[[ The records open ]]
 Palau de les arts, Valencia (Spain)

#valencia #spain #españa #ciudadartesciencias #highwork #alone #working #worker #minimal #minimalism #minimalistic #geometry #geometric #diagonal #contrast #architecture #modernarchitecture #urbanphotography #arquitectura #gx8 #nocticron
[[ The records closed ]]
[[ The records open ]]
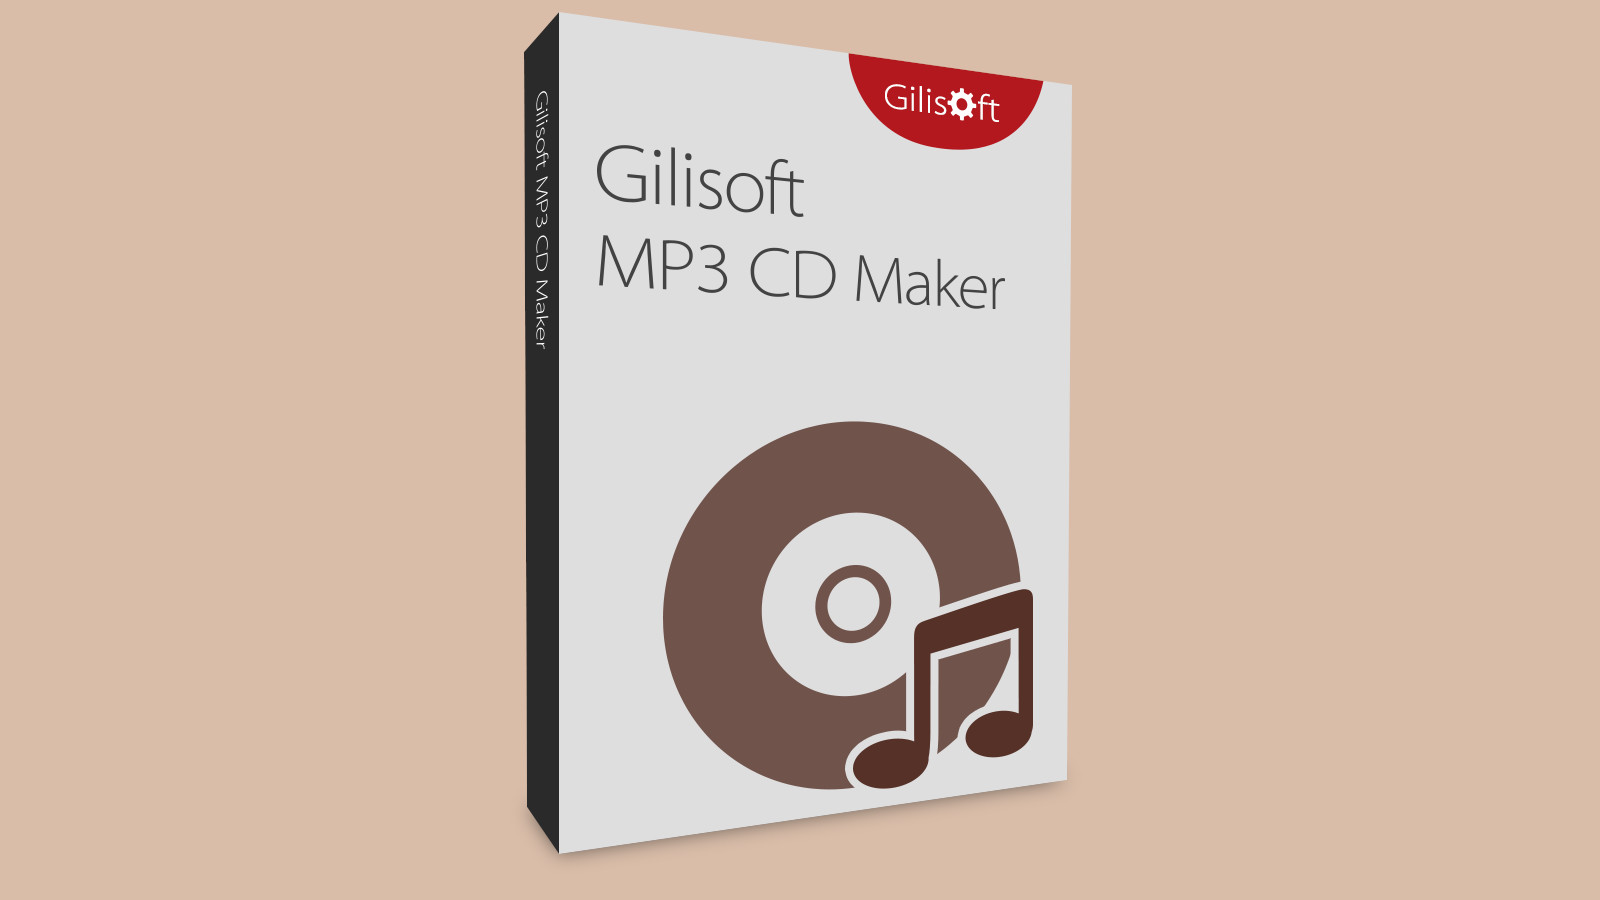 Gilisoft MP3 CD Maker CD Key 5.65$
[[ The records closed ]]
Task: Every line from the line containing "Palau de les arts, Valencia (Spain)" through the line containing "#valencia #spain #españa" in the records above must be retyped exactly. Leave out the rest.

Exercise solution:
 Palau de les arts, Valencia (Spain)

#valencia #spain #españa #ciudadartesciencias #highwork #alone #working #worker #minimal #minimalism #minimalistic #geometry #geometric #diagonal #contrast #architecture #modernarchitecture #urbanphotography #arquitectura #gx8 #nocticron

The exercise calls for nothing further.